### Excerpted data

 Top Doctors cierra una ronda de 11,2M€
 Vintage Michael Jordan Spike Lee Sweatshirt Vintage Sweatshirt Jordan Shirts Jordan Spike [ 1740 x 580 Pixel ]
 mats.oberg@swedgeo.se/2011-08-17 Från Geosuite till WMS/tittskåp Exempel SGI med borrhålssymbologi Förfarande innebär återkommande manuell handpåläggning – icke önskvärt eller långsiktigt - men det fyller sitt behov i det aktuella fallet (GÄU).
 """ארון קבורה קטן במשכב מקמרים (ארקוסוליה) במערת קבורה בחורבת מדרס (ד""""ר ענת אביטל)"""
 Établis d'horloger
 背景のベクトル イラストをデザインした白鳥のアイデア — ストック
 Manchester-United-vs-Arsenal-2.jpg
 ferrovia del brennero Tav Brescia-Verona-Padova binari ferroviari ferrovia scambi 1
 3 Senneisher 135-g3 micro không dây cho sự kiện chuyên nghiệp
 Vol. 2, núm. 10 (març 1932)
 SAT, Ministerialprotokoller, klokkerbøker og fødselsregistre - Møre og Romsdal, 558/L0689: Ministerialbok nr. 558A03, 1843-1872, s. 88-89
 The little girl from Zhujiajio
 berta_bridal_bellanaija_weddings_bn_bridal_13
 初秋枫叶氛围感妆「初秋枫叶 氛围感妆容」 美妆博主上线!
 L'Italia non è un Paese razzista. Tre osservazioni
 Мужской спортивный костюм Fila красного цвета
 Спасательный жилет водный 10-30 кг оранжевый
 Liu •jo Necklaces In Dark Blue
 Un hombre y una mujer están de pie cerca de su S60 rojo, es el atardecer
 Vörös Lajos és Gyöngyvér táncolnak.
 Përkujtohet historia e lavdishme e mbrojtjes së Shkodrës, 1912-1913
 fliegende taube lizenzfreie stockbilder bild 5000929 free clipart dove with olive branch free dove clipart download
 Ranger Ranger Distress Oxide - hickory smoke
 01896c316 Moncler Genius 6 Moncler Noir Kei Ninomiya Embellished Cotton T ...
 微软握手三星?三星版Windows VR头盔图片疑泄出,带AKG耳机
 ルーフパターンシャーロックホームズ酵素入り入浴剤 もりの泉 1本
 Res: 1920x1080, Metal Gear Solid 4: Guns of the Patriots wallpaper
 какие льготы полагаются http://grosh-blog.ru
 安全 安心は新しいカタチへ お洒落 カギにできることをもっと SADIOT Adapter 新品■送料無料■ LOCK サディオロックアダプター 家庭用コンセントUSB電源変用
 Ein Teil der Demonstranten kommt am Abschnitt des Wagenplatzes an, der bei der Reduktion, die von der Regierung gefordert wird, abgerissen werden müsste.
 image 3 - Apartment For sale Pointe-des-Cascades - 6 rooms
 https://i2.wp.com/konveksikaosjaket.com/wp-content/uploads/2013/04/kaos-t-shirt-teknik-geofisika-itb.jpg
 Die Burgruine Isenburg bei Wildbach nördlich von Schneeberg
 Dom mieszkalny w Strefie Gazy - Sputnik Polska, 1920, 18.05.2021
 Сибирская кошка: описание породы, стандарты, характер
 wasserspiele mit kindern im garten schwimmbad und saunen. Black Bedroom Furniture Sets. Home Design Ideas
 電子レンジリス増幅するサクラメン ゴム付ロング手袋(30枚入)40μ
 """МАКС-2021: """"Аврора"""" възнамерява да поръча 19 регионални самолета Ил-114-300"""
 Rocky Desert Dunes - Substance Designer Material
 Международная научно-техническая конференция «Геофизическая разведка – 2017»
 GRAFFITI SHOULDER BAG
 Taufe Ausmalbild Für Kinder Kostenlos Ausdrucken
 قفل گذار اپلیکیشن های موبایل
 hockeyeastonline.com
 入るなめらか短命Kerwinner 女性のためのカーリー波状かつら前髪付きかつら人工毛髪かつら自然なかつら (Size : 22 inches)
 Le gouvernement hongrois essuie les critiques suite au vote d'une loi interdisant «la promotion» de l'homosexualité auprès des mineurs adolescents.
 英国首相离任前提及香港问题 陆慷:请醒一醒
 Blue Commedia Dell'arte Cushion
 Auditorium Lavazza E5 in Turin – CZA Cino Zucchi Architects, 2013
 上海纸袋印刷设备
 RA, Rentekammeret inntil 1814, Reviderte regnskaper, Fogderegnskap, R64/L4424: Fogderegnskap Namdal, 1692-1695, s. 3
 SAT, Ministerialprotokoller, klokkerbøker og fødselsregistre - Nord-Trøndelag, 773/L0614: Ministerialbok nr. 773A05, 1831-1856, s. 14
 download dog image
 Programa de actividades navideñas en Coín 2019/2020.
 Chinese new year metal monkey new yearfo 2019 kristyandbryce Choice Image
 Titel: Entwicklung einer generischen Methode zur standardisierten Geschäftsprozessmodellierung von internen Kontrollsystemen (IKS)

### What this task involves
Copy, please, every line from the start of the entries down to the line that holds "Un hombre y", with both of those lines included and no others.

### Task solution
 Top Doctors cierra una ronda de 11,2M€
 Vintage Michael Jordan Spike Lee Sweatshirt Vintage Sweatshirt Jordan Shirts Jordan Spike [ 1740 x 580 Pixel ]
 mats.oberg@swedgeo.se/2011-08-17 Från Geosuite till WMS/tittskåp Exempel SGI med borrhålssymbologi Förfarande innebär återkommande manuell handpåläggning – icke önskvärt eller långsiktigt - men det fyller sitt behov i det aktuella fallet (GÄU).
 """ארון קבורה קטן במשכב מקמרים (ארקוסוליה) במערת קבורה בחורבת מדרס (ד""""ר ענת אביטל)"""
 Établis d'horloger
 背景のベクトル イラストをデザインした白鳥のアイデア — ストック
 Manchester-United-vs-Arsenal-2.jpg
 ferrovia del brennero Tav Brescia-Verona-Padova binari ferroviari ferrovia scambi 1
 3 Senneisher 135-g3 micro không dây cho sự kiện chuyên nghiệp
 Vol. 2, núm. 10 (març 1932)
 SAT, Ministerialprotokoller, klokkerbøker og fødselsregistre - Møre og Romsdal, 558/L0689: Ministerialbok nr. 558A03, 1843-1872, s. 88-89
 The little girl from Zhujiajio
 berta_bridal_bellanaija_weddings_bn_bridal_13
 初秋枫叶氛围感妆「初秋枫叶 氛围感妆容」 美妆博主上线!
 L'Italia non è un Paese razzista. Tre osservazioni
 Мужской спортивный костюм Fila красного цвета
 Спасательный жилет водный 10-30 кг оранжевый
 Liu •jo Necklaces In Dark Blue
 Un hombre y una mujer están de pie cerca de su S60 rojo, es el atardecer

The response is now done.